Стальная маска (СИ) - Борик Пан. Страница 8
— Во имя Кейл, отец, кто эти люди?
— Великие полководцы и главнокомандующие, переломившие ход многих битв и вогнавшие в землю штандарт нашей великой страны…
— Убийцы и варвары…
— Воины и герои! Всё! Разговор окончен. Иди, обрадуй брата добрыми вестями.
Гэвиус не разделял радости отца, но, ничего не ответив, скрылся за дверью. Его обуяла злость, он был в ярости! Все планы касательно Витуса знавали крах, ведь если его брат пойдёт по стопам барона, если Боров сумеет склонить новоиспеченного члена семьи на свою сторону, Гальего-младший останется в меньшинстве: его мнение будет затоплено большинством, а идеи зарыты на кладбище надежд. «Нет, нет, нет!» — рычал стиснув зубы юноша — «Этому не бывать!»

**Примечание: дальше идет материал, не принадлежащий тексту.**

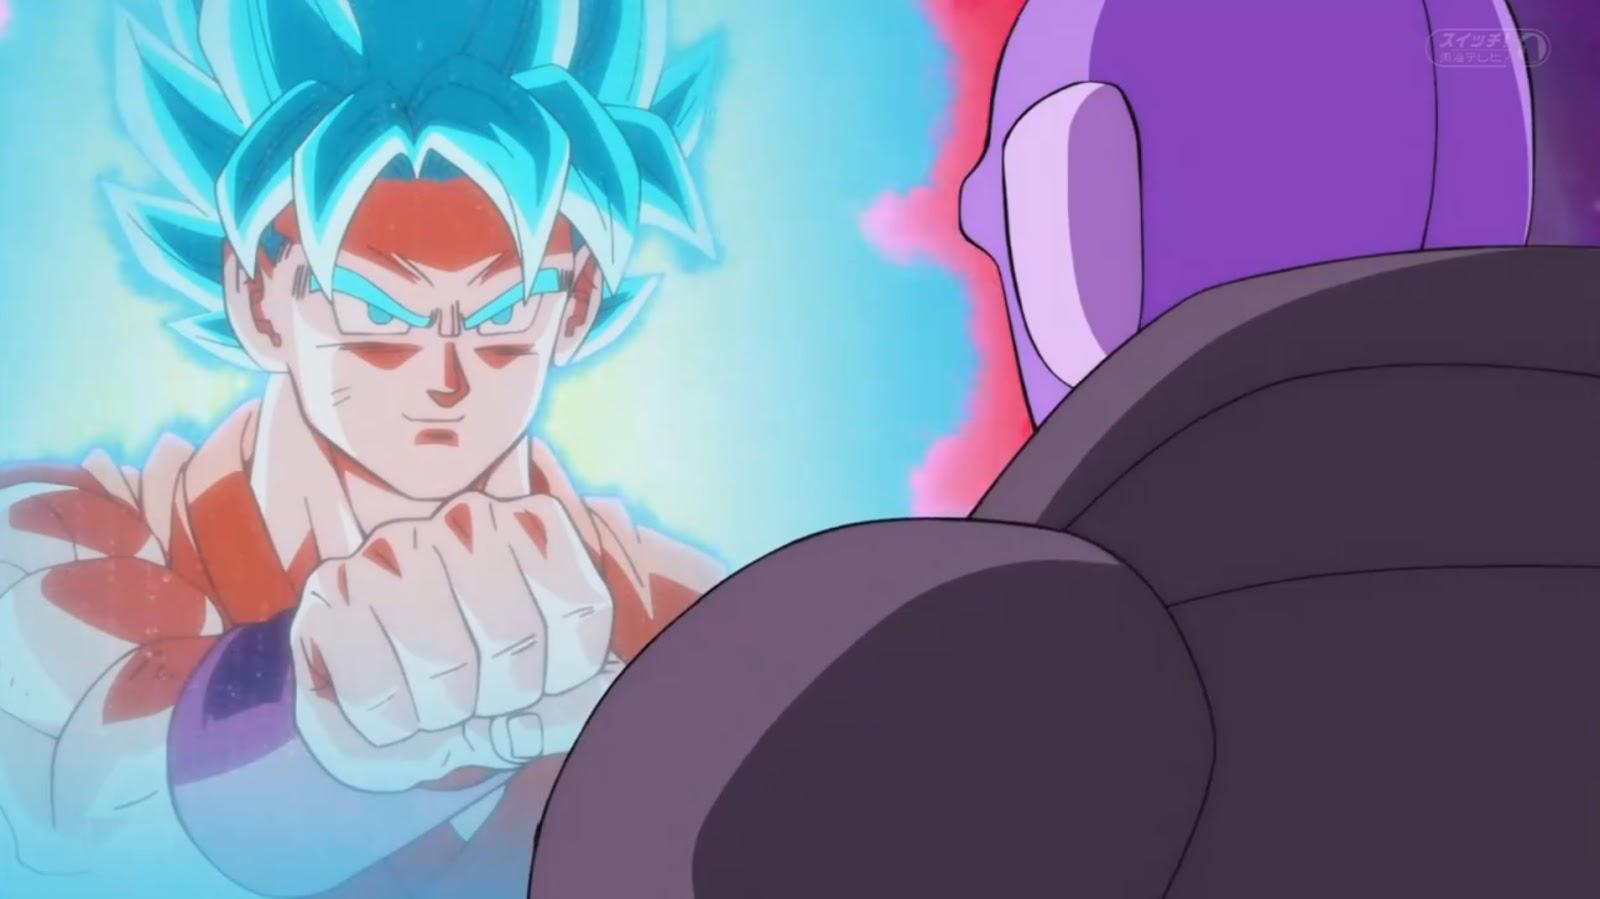 Dragon Ball Super Dublado Episódio 40, Assistir Dragon Ball Super Dublado Episódio 40, Dragon Ball Super Dublado , Dragon Ball Super Dublado - Episódio 40,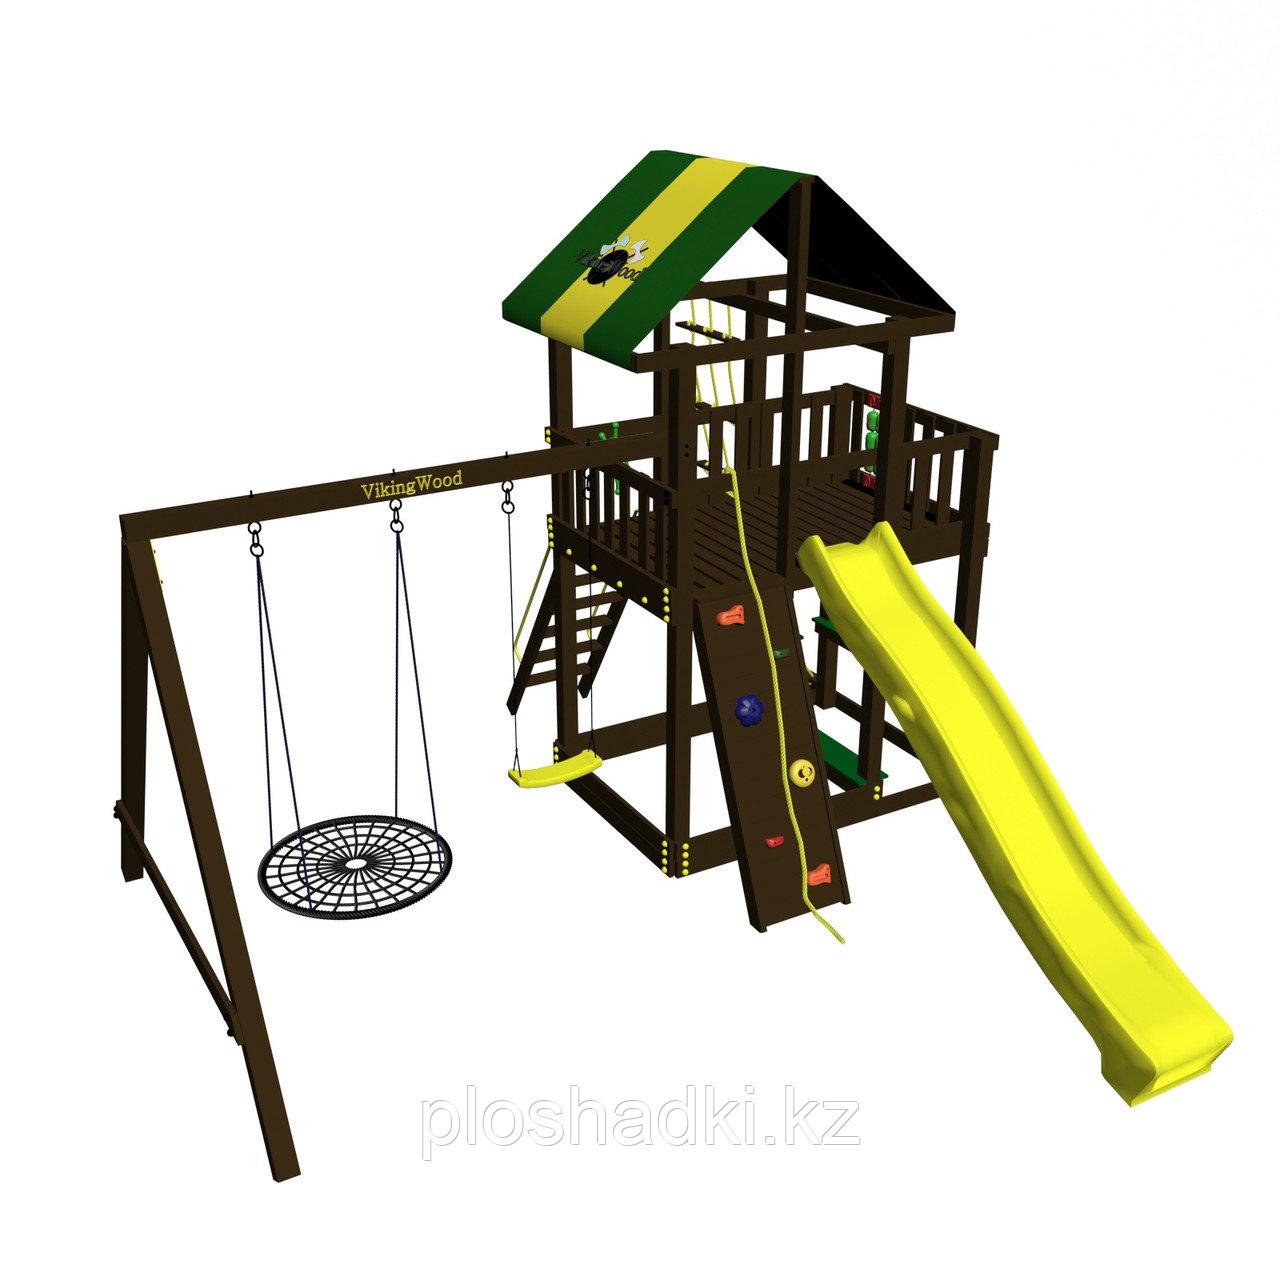 """Игровой комплекс """"Сиело с кольцом"""", цветная крыша, лестница из дерева, канатная сетка, качели 2, горка"""

Оказавшись в обители брата, он застал Витуса вырезающим некое подобие фигурки из старой ножки стола. Завидев Гэвиуса, тот, копируя поведения кота, резво оказался рядом и, получив поглаживания по голове, принялся слушать. Слушал он внимательно, ни единого слова не упустил: про варварский нрав отца, его помешательство на военных походах и тиранию иных, меньших по численности рас. В молодом человеке бурлил гнев, но он был не способен стать той стеной, что будет защищать мальчика от желаний отца. Колесо Судьбы повернулось; через неделю Витус начал обучение в ноксианской элитной школе.
***
Темнота обрела свет, толстыми линиями белой краски начали появляться изображения. Мальчик следил за каждым штрихом невидимого художника, улавливал колебания ветра, будто бы тот решает, следует ли дуть могильным завыванием или же исполнить симфонию умиротворения.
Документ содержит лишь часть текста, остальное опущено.